The α terms represent absolute effects and β is a common increment to be applied to all the α terms to allow for commuting. According to a likelihood ratio test, this leads to a statistically superior model, unsurprising given that all five time coefficients are very precisely estimated and the Time Electronic Devices and Time Printed Matter coefficient estimates are both significantly different from those for Time Doing Nothing and Time Talking.Footnote 13 However, we would not expect Time Electronic Devices and Time Printed Matter to be associated with higher disutility than Time Doing Nothing and Time Talking.

The Incremental model is based on what respondents stated they would do (forego) in the extra (saved) time, as discussed in “The stated preference exercises” section, interacting the gains and losses on the current journey time according to the same five generic categories as the Proportional model. The utility function is therefore the same as Eq. 4 albeit with the time terms defined differently. Whilst we might expect this original use of ‘marginal’ activities to be preferable to the ‘average’ activities of the Proportional model, this is not so statistically. The differences between the Time Electronic Devices and Time Other and between the Time Printed Matter and Time Other are significant, but again these relationships are not credible.

Whilst there might be confounding effects even after accounting for income and journey purpose, these results do confirm our concerns regarding endogeneity. In particular, we would point out that Time Printed Matter and Time Electronic Devices have the largest coefficients in both the Proportional and Incremental models, and whilst these activities might be expected to reduce the disutility of travel time the most they are also likely to be the activities that those with high VTTS engage in on their train journeys.

We also investigated whether train time was used to save time doing activities elsewhere, which operates more on the RVT term of Eq. 1 by increasing the effective amount of time available. What we term the Activity model is based on Eq. 2 but specifies two additional incremental terms of Time a Lot and Time a Bit to denote whether time on train was used a lot or a bit in order to save on time doing activities elsewhere. Both these coefficient estimates are wrong sign since more time pressured travellers who find travel time valuable should value savings in it less all else equal. We again conclude that this reflects endogeneity bias.

We now turn to the SP exercises that allow analysis of within-person variations in VTTS due to multitasking.

SP2 strategic experiment

The results for the SP2 strategic exercise are reported in Table 8.Footnote 14 A standard linear-additive utility function, of the form of Eq. 4 without the final two terms relating to the β increment and cost, was estimated representing train journey time in three different conditions and all three coefficients are estimated very precisely. Constant terms were not significant whilst the only significant incremental effect for commuting was on the Time Doing Nothing coefficient but it was not retained given it implied only a 5% variation. There were no significant variations according to group travel or degree of crowding.

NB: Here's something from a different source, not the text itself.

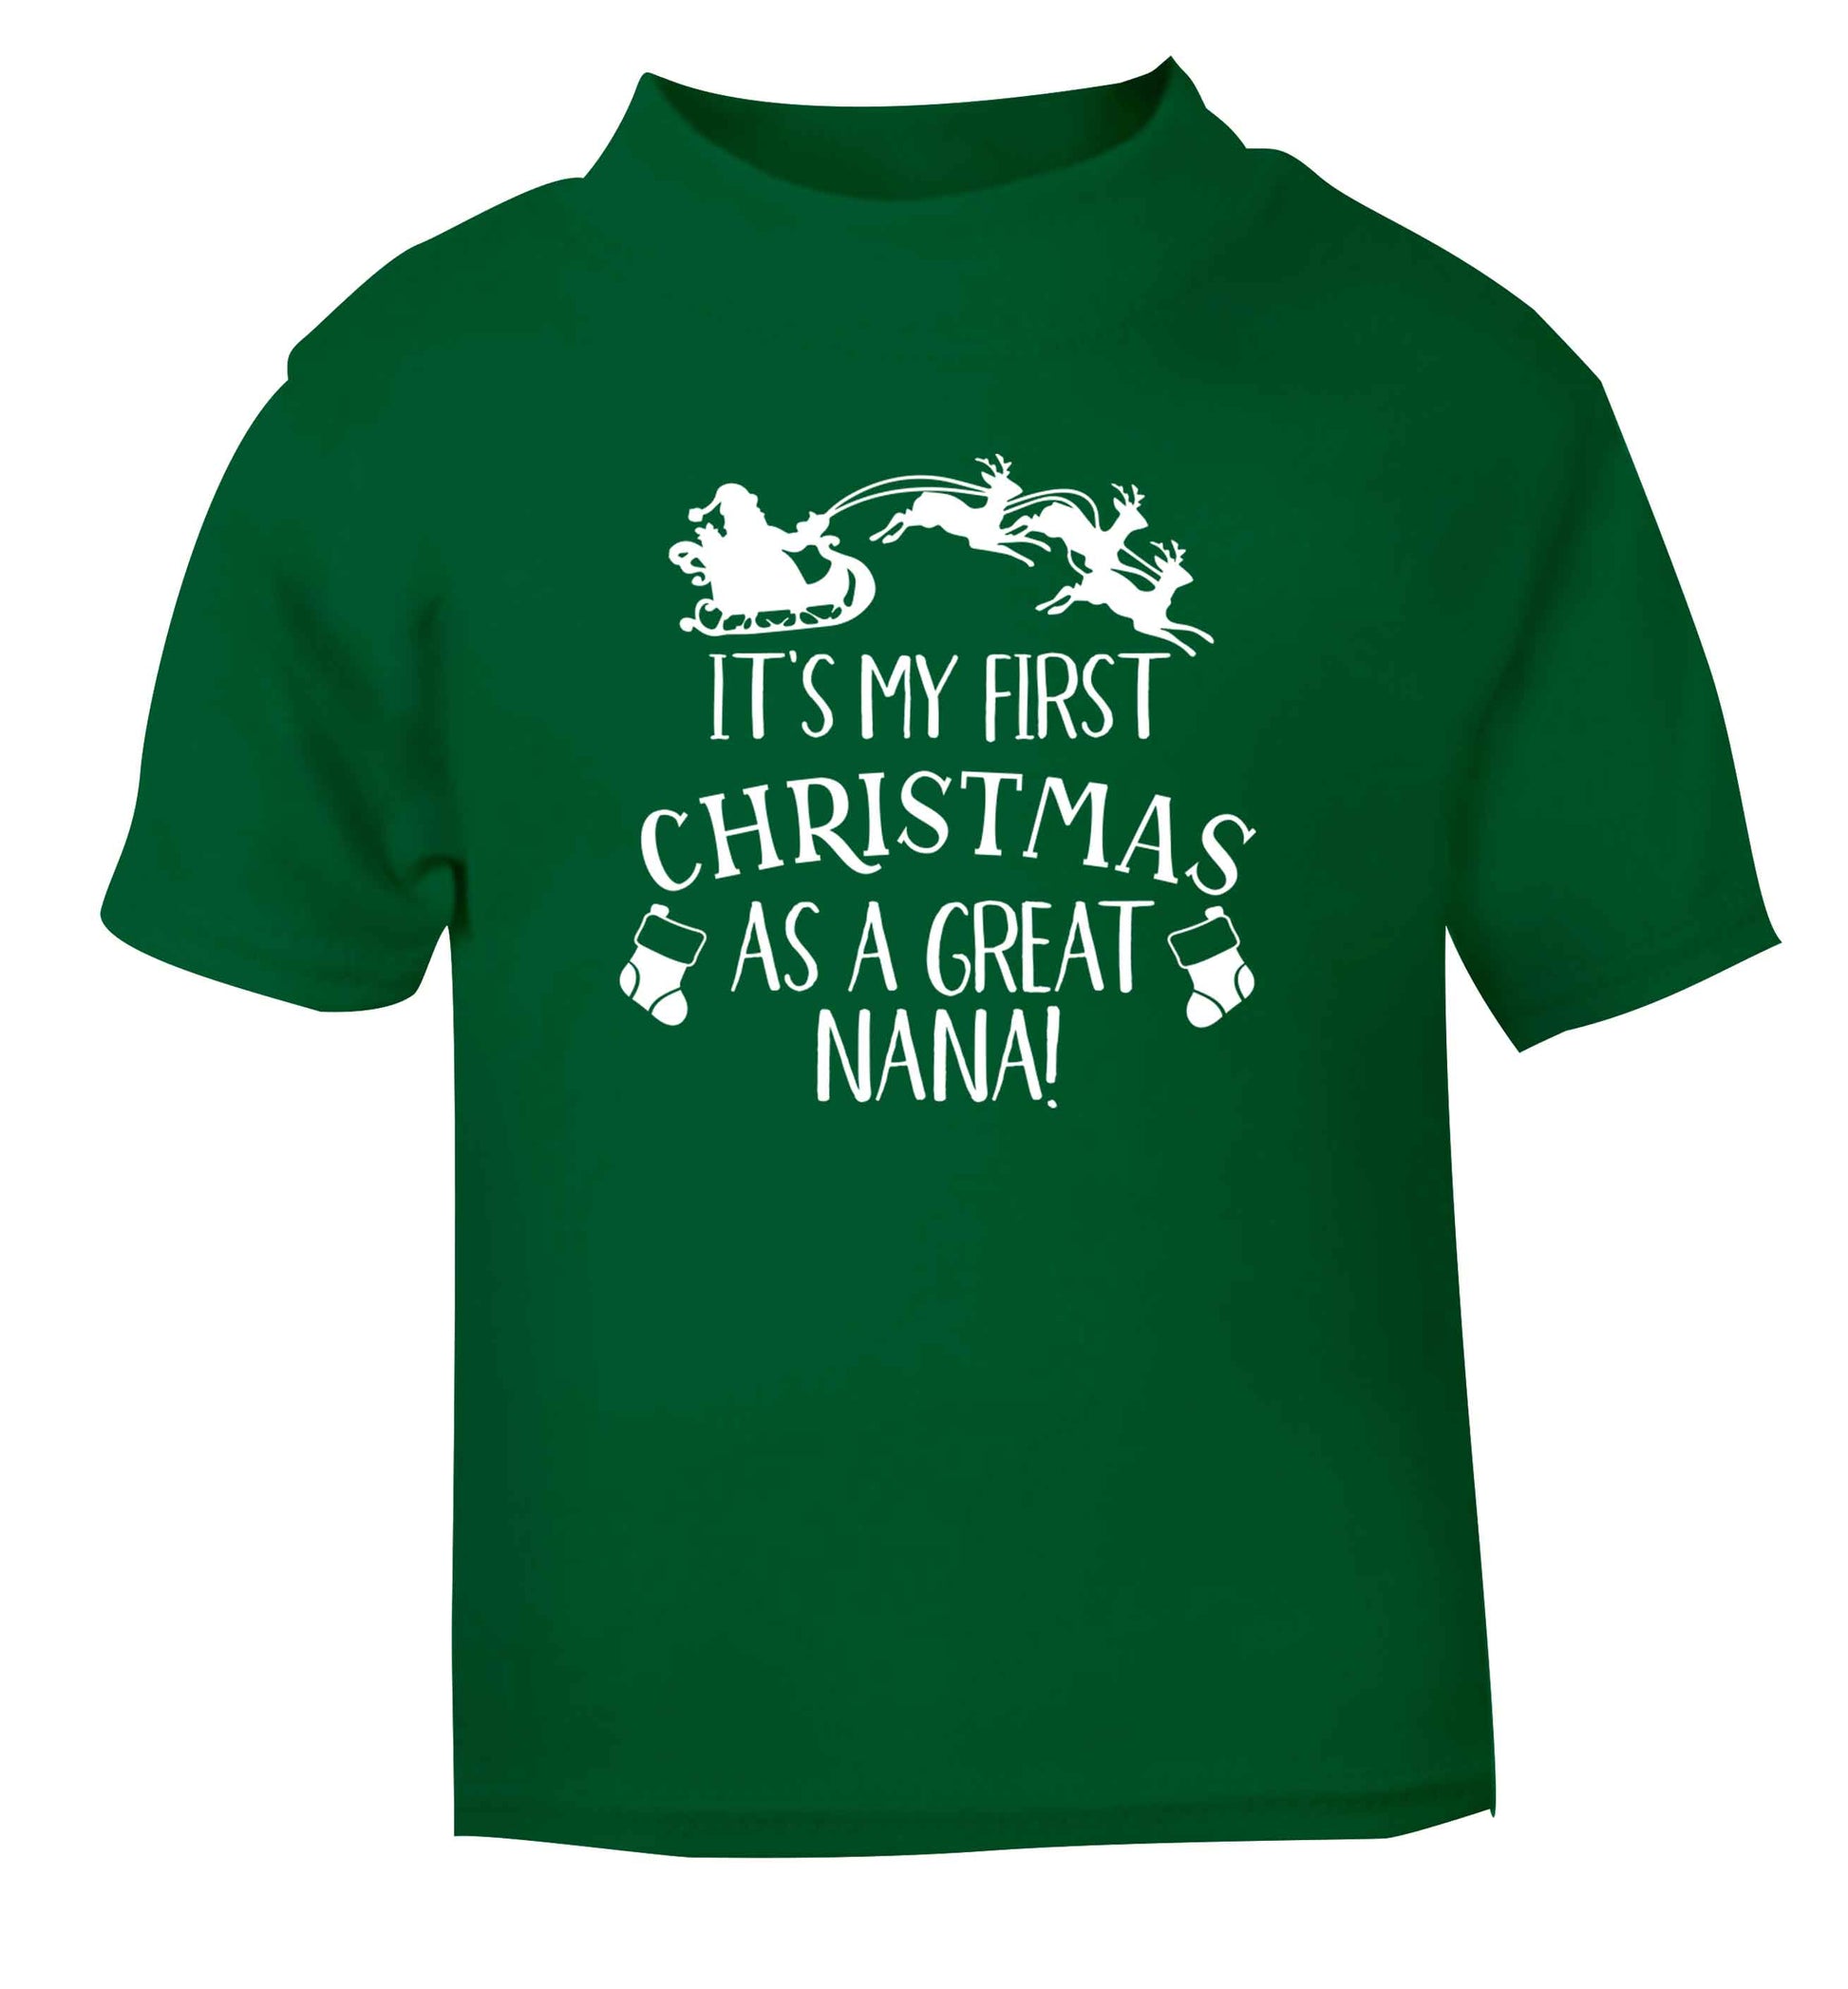 It's my first Christmas as a great nana! green Baby Toddler Tshirt 2 Years

Table 8 Strategic SP2 exercise

The Time No Electronic Devices coefficient estimate is larger than that for Time as Now, albeit not quite significantly different at the 5% level with a t ratio of 1.8, and it implies an 18.5% increase in VTTS. Whilst this could be regarded to be a relatively low figure, it will have been influenced by only 33% of train time on average engaged with mobile devices whilst the alternative activities, as discussed in “Comparison of SP2 and SP3 valuations” section, might for some respondents be good substitutes.

The Time Doing Nothing coefficient estimate is only slightly larger than that for Time No Electronic Devices, which is surprising given 67% of train time on average does not involve mobile devices. Possible unrealism of a doing nothing alternative is not the explanation since this would only add to its disutility.

SP2 was a strategic exercise aimed at providing a high level indication of the dis-benefits of being unable to use mobile devicesFootnote 15 and the inability to do anything. It was the purpose of the SP3 exercise to segment VTTS more specifically by engaged activities and it is to this that we now turn.

SP3 tactical experiment

The tactical SP exercise offered choices between Option A containing 2, 3, 4, 5 or 6 specific activities, driven by the range undertaken in the reference train journey, and Option B containing one less activity, with 53% offered 2 versus 1 activities, and respectively 27%, 11%, 5% and 4% offered the other comparisons through to 6 versus 5 activities. Hence the vast majority were offered an SP exercise containing 4 or fewer activities.

Whilst we presented many different specific activities in this SP exercise, attempting to estimate robust coefficients for each of them proved unfruitful, as might be expected. Instead, we segmented by the same 5 generic categories as in SP1.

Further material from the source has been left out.